Я: Немцы делают вам честь, предполагая в вас элементарный патриотизм.
Игнатьев: Ну, этого-то тут не найти. И я, и все мы — германофилы.
О[тец] Константин: Говори, голубчик, за себя.
Игнатьев: Чего же за себя? Посмотри кругом. Да и откуда может явиться патриотизм, когда через две недели война будет кончена, Советы будут биты?
Я: Вы так в этом уверены?
Игнатьев: Еще бы! Я, как старый офицер, говорю вам, что Красная армия не имеет командного состава, не имеет штаба, не имеет техники.

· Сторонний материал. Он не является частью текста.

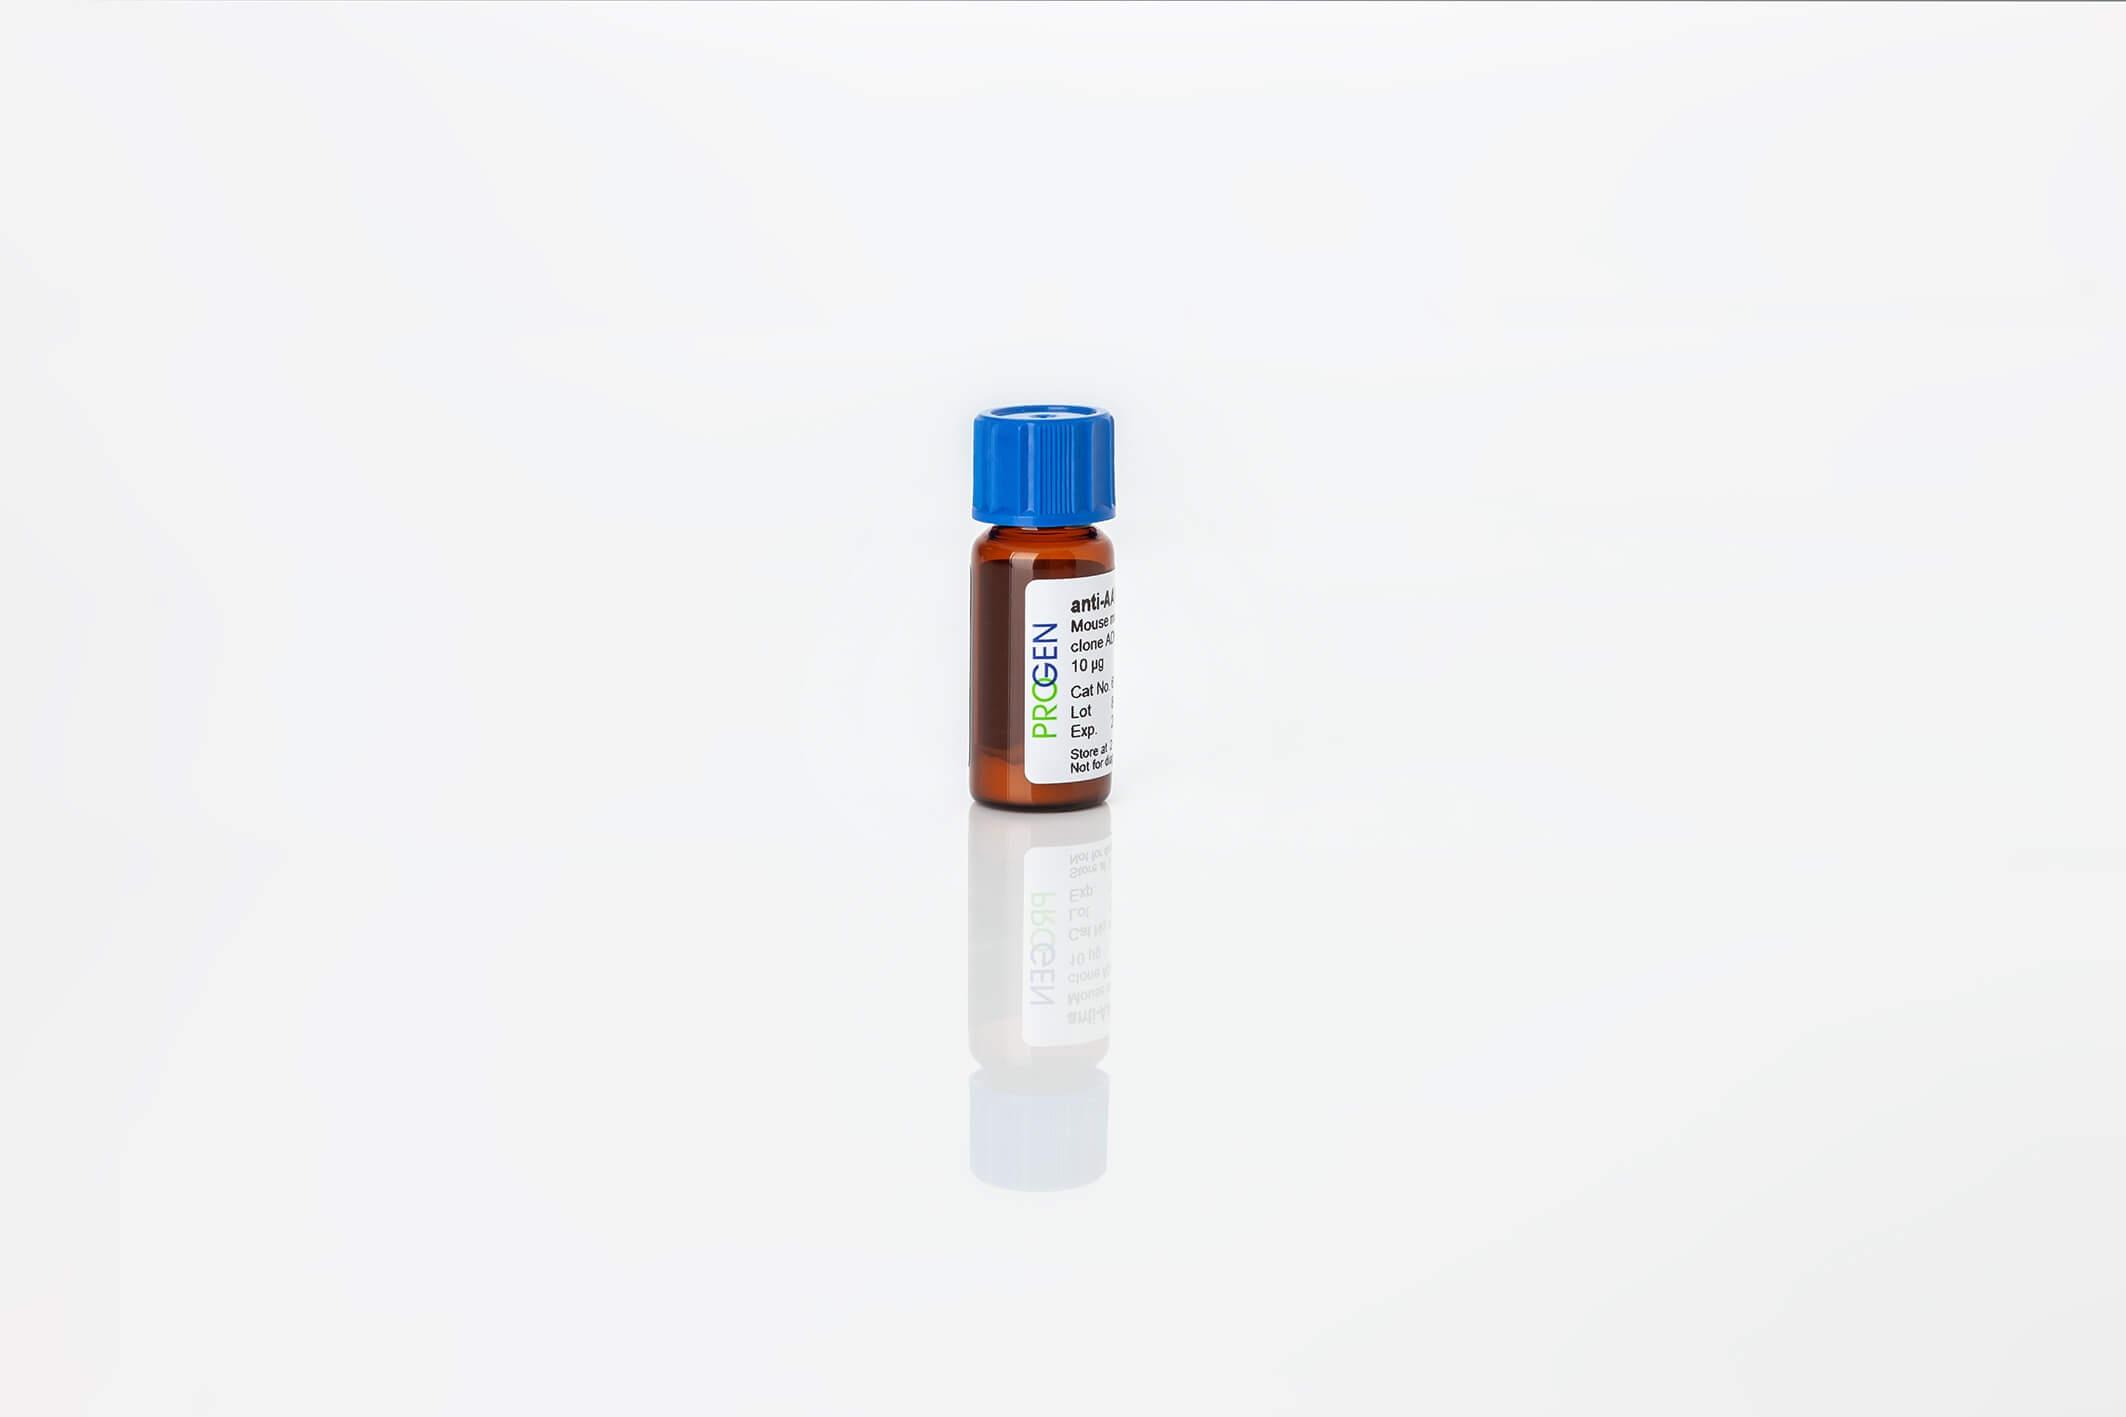 anti-Cyclin D1 mouse monoclonal, DCS-6, liquid, purified, small
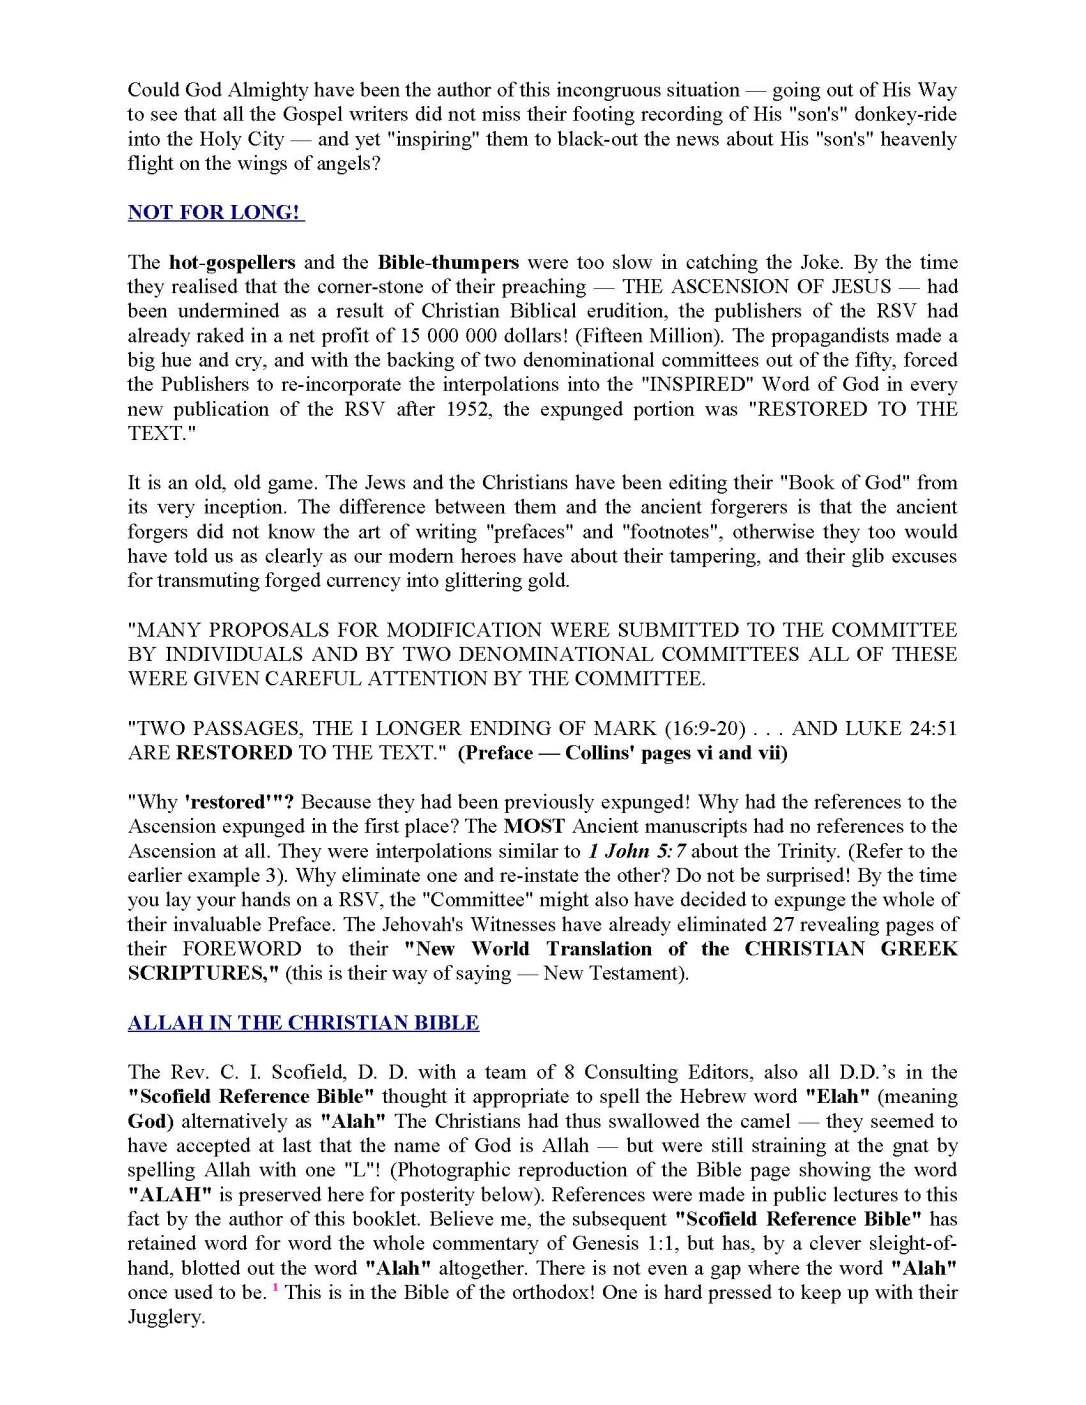 Is The Bible Gods Word [deedat]_Page_16

Я: А я, как старый офицер, говорю вам, что Красная армия имеет штаб, имеет технику, имеет командный состав, и немцы будут биты.
Тихий голос сзади (принадлежавший, как оказалось потом, Левушке Калужнину) шепчет мне: «Что вы делаете? Здесь полно шпиков; они вас провоцируют».
Я замолкаю, а разговор продолжается.
Игнатьев: Да и мелкие народности, угнетенные большевиками, сейчас же поднимутся, например — Кавказ.
Некто снизу (оказавшийся немецким шпионом грузин Боридзе, освобожденный на следующий день): Все кавказцы сдадутся.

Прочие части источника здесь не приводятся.